• _Input data_:
_ _ _ _ _ _ _
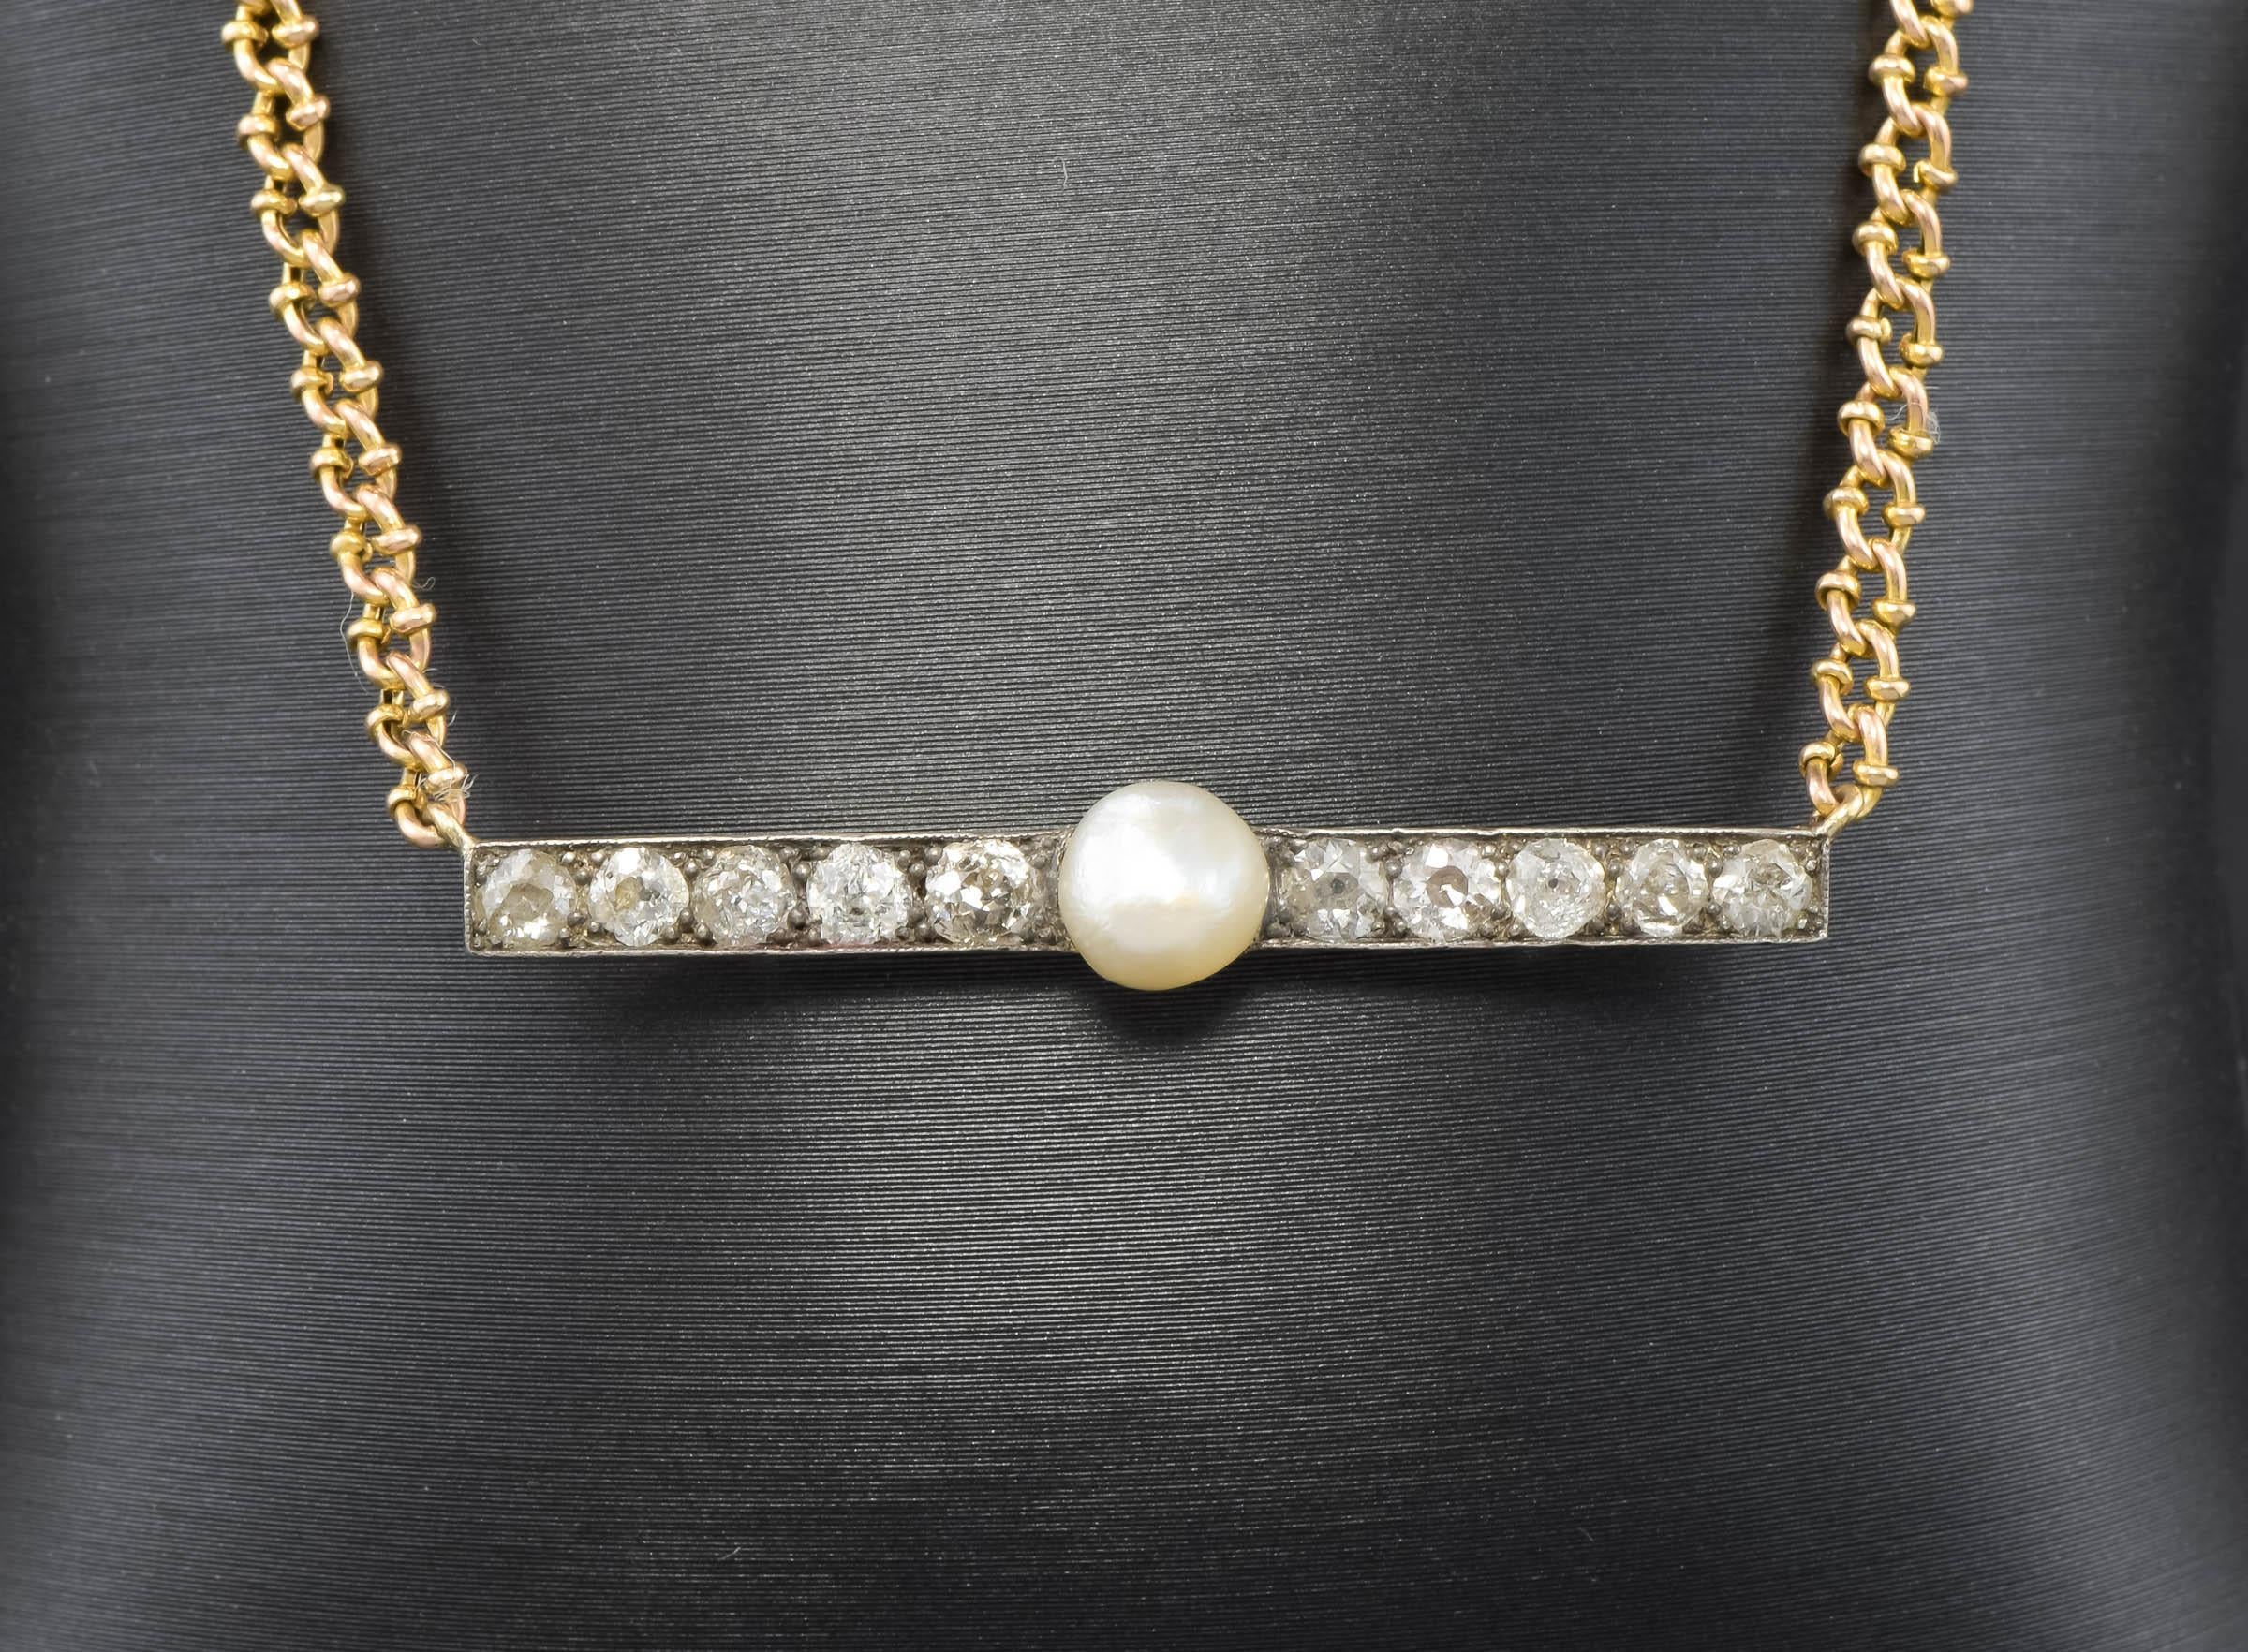 A gorgeous antique fancy link chain combined with a Victorian period diamond bar with central pearl - this is an antique conversion necklace. I found the chain long ago and waited to find a bar brooch I loved enough to pair with it.

The
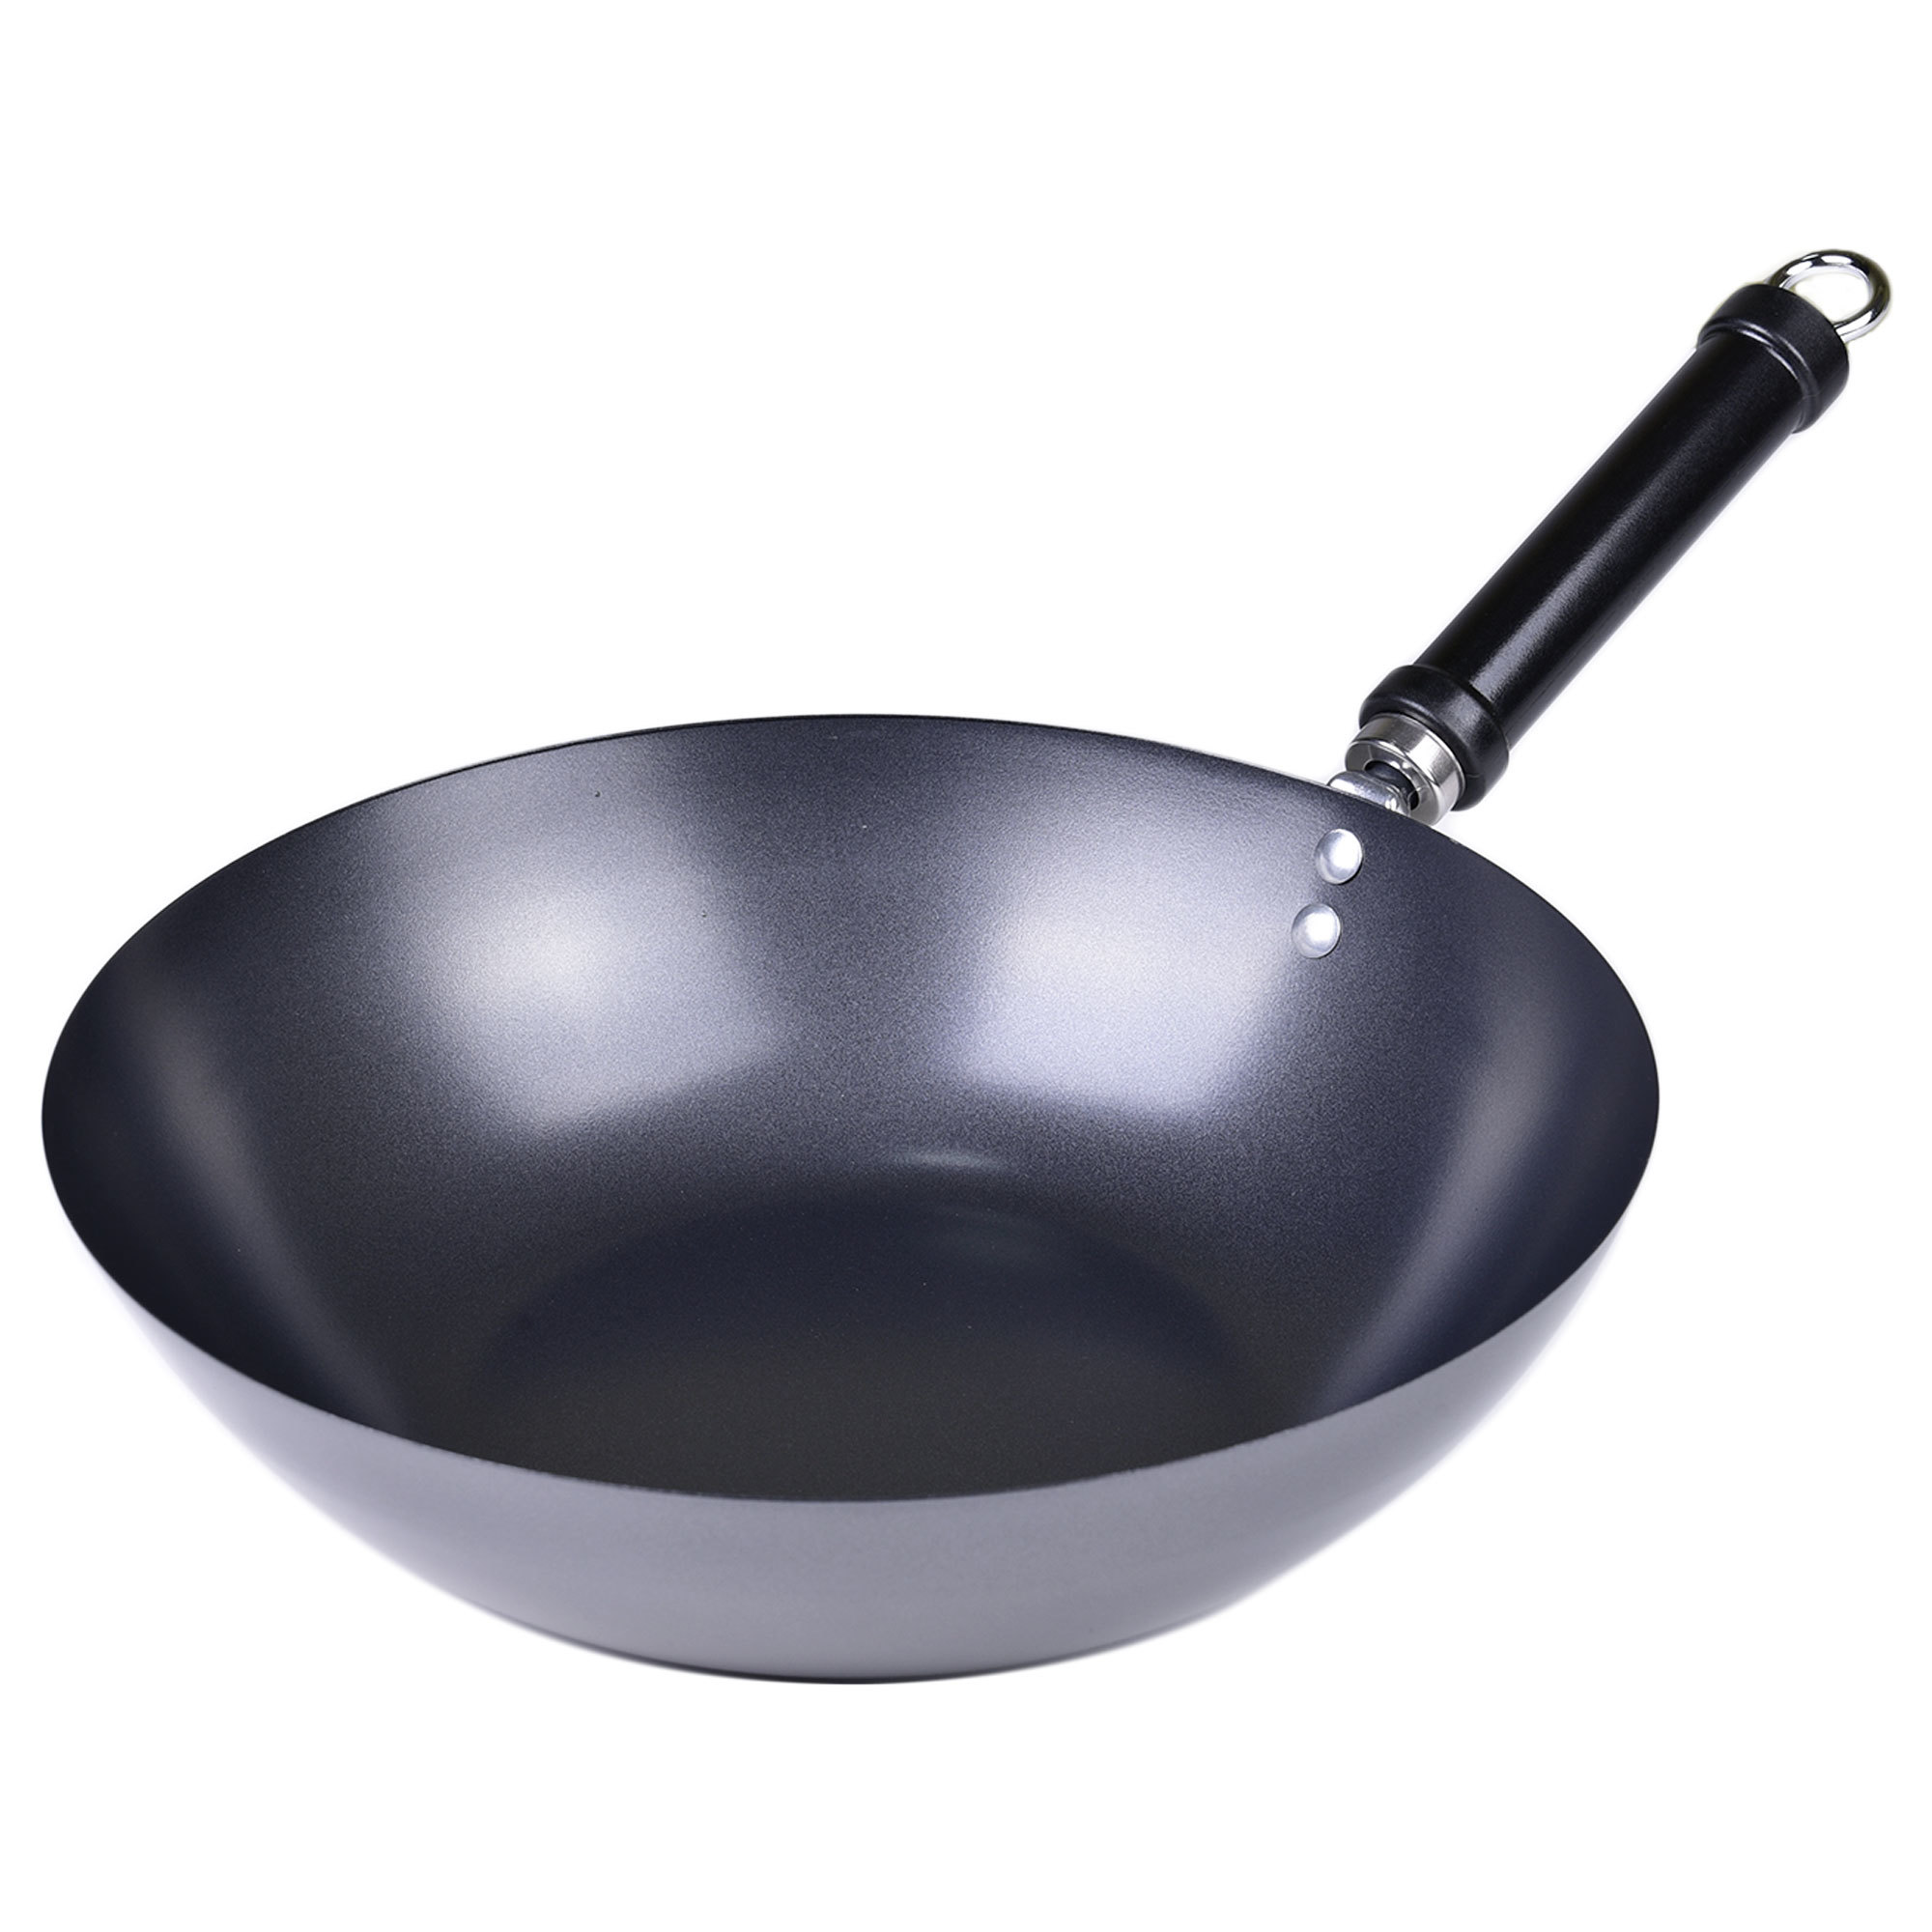 14 Inches Press Wok with Lid, Bakelite or Wooden Handle 3830
_ _ _ _ _ _ _
• _How to complete this task_: Retype the data exactly; images stay out.

• _Solution to the exercise_:
 A gorgeous antique fancy link chain combined with a Victorian period diamond bar with central pearl - this is an antique conversion necklace. I found the chain long ago and waited to find a bar brooch I loved enough to pair with it.

The
 14 Inches Press Wok with Lid, Bakelite or Wooden Handle 3830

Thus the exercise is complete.